Increasingly, Iraq's Kurds appear to be interfering with efforts to foster political accommodation among their country's major sectarian groups. Since Iraq's future hinges on establishing such a spirit of compromise, this trend has potentially grave implications for Iraq, its neighbors and the United States.

Two key issues stand out. First, Kurds are beginning to develop oil fields on their territory with foreign investors but with no role for Baghdad, claiming cover under Iraq's 2005 constitution. But the relevant sections of the Iraqi constitution (articles 109 through 112, among others) state that future oil wells will be developed by Iraq's provinces and regions in conjunction with the central government.

Second, Kurds want to reclaim the city of Kirkuk and its surrounding oil fields, which may hold about 15 percent of Iraq's total reserves. Kurds claim, with considerable justification, that many properties in the city were taken from them under Saddam Hussein's "Arabization" programs. Kurds want the homes back. More broadly, they want to control the politics of Kirkuk and environs, up to and including the possibility of Kirkuk and its oil joining the region of Iraqi Kurdistan (which many Kurds hope will ultimately become independent). Because of these ambitions, it has been difficult to hold a referendum on Kirkuk's future; a referendum was supposed to have taken place by the end of 2007.

The Kurds are making a major mistake. They should rethink their approach both out of fairness to the United States, which has given them a chance to help build a post-Hussein Iraq, and in the interests of the Kurds and their neighbors. Baghdad needs a role in developing future oil fields and sharing revenue; Kirkuk needs to remain where it is in Iraq's political system, or perhaps attain a special status. It should not be muscled away into Kurdistan.

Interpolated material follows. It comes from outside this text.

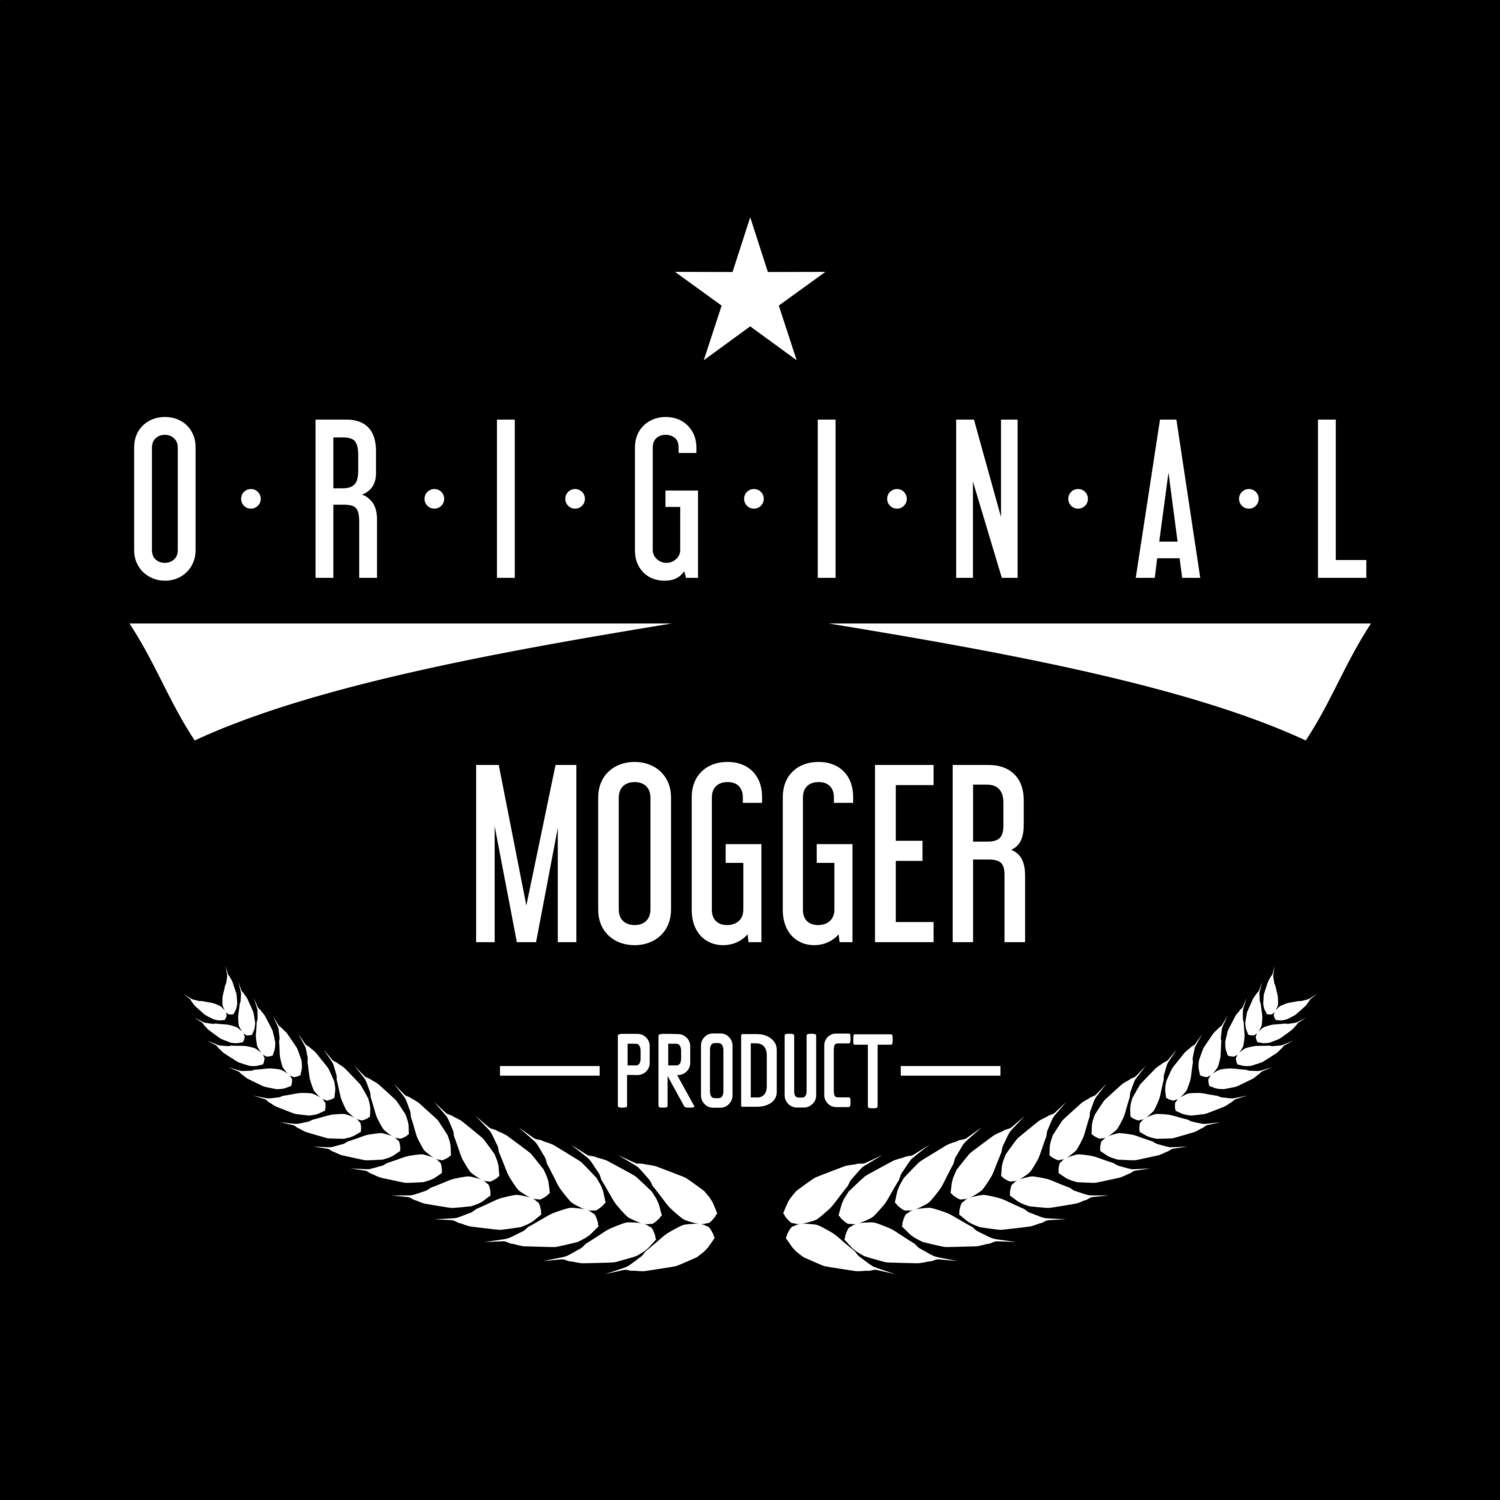 Mogger T-Shirt »Original Product«

It is hard to be sure, but the Kurds seem to believe that if Iraq fails, they will be okay. Under this theory, even if the country splits apart, the United States will stand by its Kurdish friends, establish military bases in Iraqi Kurdistan, and ultimately ease the way toward its independence. . . .

To be sure, many Americans admire the democratic, prosperous, resilient Kurds. Americans also feel a moral debt after allowing Hussein to oppress the Kurds so many times in the past. But after protecting the Kurds since 1991 and spending hundreds of billions of dollars and thousands of American lives in Iraq over the past five years, that moral debt has been partially repaid. If the Kurds will not now help the United States in stabilizing Iraq, is there really a sense of common purpose, and a set of shared interests, between the two peoples?

Instead of pursuing a maximalist agenda in Kirkuk and a dream of independence, the Kurds should opt for realism. This means recognizing that if Iraq falls apart, they will be on their own. It also means recognizing that Turkey, with its 15 million Kurds, is very nervous about Kurdish independence. Yet the Kurds of Iraq should also know that a Turkish-Kurdish war is not destiny. In fact, with visionary leadership in Ankara and Irbil, Turkish-Kurdish economic, political and military cooperation -- starting with joint operations against the terrorist Kurdish group, the PKK -- could lead to genuine friendship. After all, Turkey is the most democratic, secular and pro-Western of Iraq's neighbors, attributes that Iraqi Kurdistan shares.

Iraq's Kurds have a remarkable future almost within their grasp. But they face a crucial choice: They can attain that future by compromising with their fellow Iraqis, forming a partnership with Turkey and strengthening their bond with the United States. Or they can continue to pursue their own agenda in a way that ultimately shatters their country and destabilizes the broader region.

Read the article here.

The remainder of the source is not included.